The discussion ranged widely from issues such as the use of Yucca Mountain as a nuclear waste repository, to rising gasoline prices, to the value of physics research, to the expansion of oil and gas drilling in the U.S. Democrats, in particular, questioned the Secretary about subjects such as the unique role of the Advanced Research Projects Agency- Energy (ARPA-E) in DOE’s portfolio, hydraulic fracturing impacts, the continuing operations at facilities such as the National Ignition Facility (NIF) and the Relativistic Heavy Ion Collider (RHIC), the proposed Clean Energy Standard, advanced manufacturing technology development, and the Department’s Quadrennial Technology Review’s proposed shift in resources towards reducing the cost of our reliance on oil for transportation.
Democratic Members also pushed back against Republican rhetoric that President Obama’s Administration is responsible for high gas prices. During the hearing, they brought up that domestic gas and oil production is up under President Obama. They also pointed to the impact that futures speculation has on gas prices. After the hearing, Ms. Johnson said, “In reality, in the short-term, there are few options the government has to impact gas prices. Oil is a globally traded commodity dominated by nationally-owned companies that collude to control prices, which are further skewed by complex market mechanisms both here and abroad. Furthermore, the U.S. has little in the way of oil reserves that could make a substantial impact on global supply and prices. At best, we can start to develop technologies now to help reduce our demand in the future. It is foolish to act as though the President, DOE, or as we heard earlier this week, NSF can lower gas prices if they would only choose to do so.”

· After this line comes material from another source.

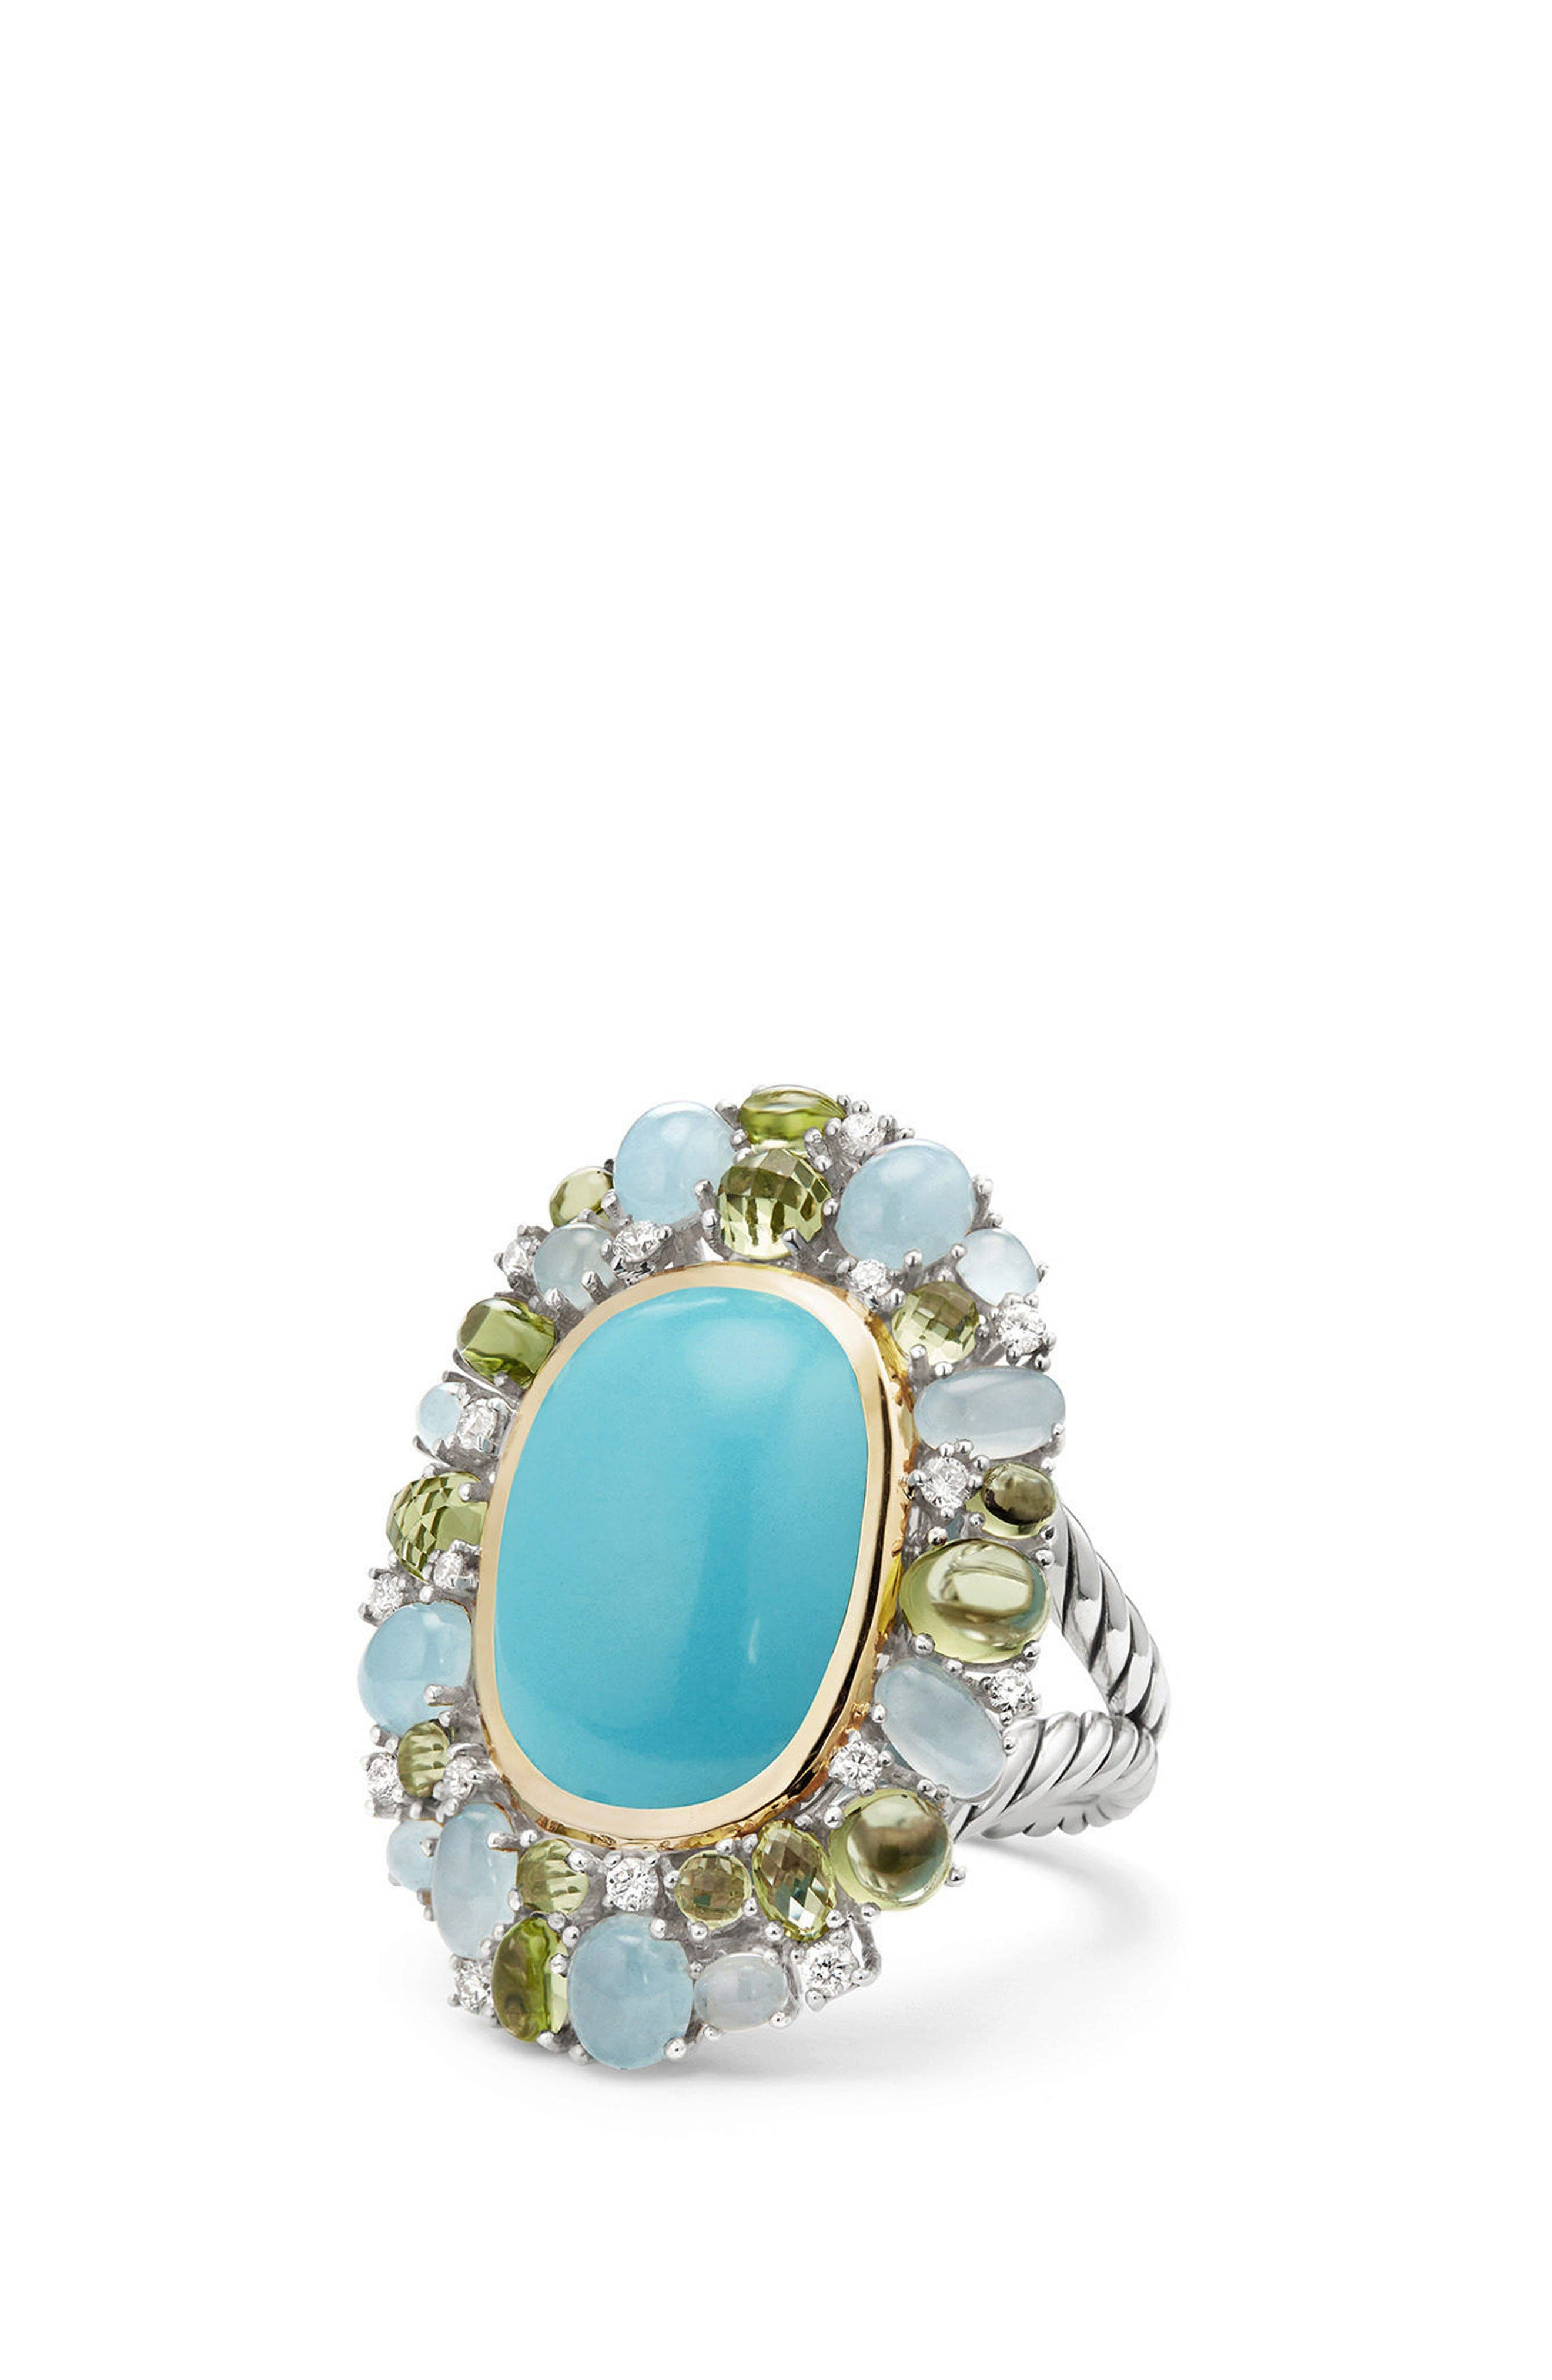 Alternate Image 1 Selected - David Yurman Mustique Statement Ring with Diamonds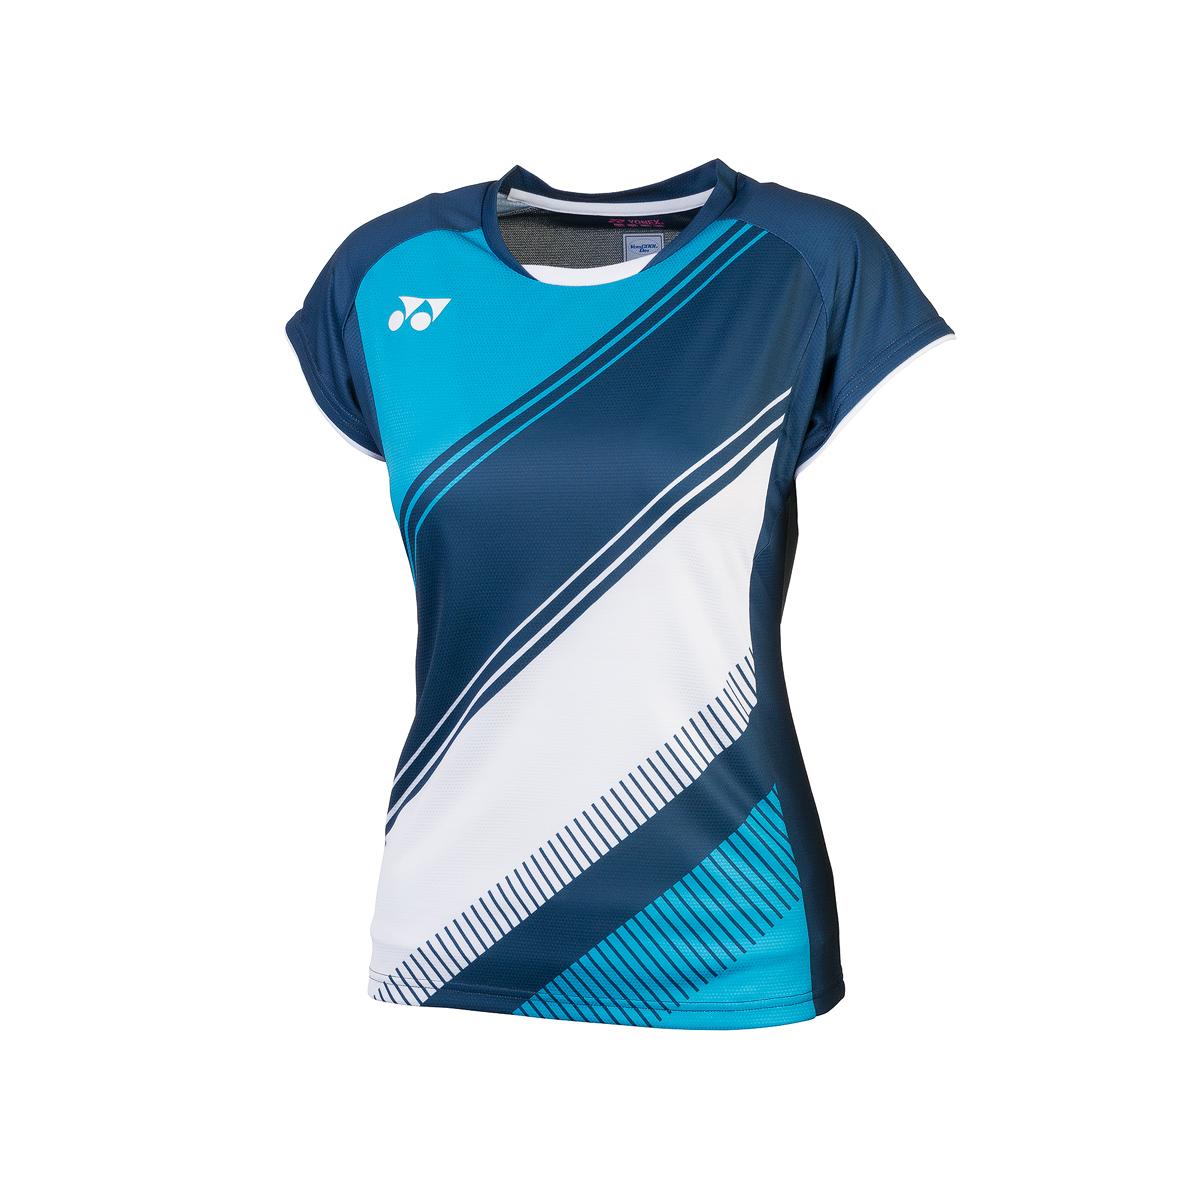 Women's Crew Neck Shirt Badminton TournamentDetailbild - 2

In addressing Republican assertions that clean energy R&D programs amounts to the government “picking winners and losers”, Ms. Johnson noted the historical role that government has played in building up the nation’s energy sector. She stated that “The very energy industries my colleagues hold out as exemplars of the free market – oil, gas, nuclear and coal - are the ones that have benefitted most from government largesse and, curiously, the ones they hold out as most deserving of continued taxpayer-funded research. From high-efficiency gas turbines for coal plants, to nuclear reactors developed at federal labs with federal dollars, to the directional drilling and hydraulic fracturing practices that have led to the shale gas boom of today, we have seen how government research can pay off. But it required decades of federal investment, the overwhelming majority of which was focused on fossil and nuclear energy… it is time to level the playing field and introduce real competition to the markets, and that is where the priorities set by this budget request come in to play. We have to find the greatest value for the taxpayer dollar, and today it is in the emerging energy technology sectors that can most benefit from government support.”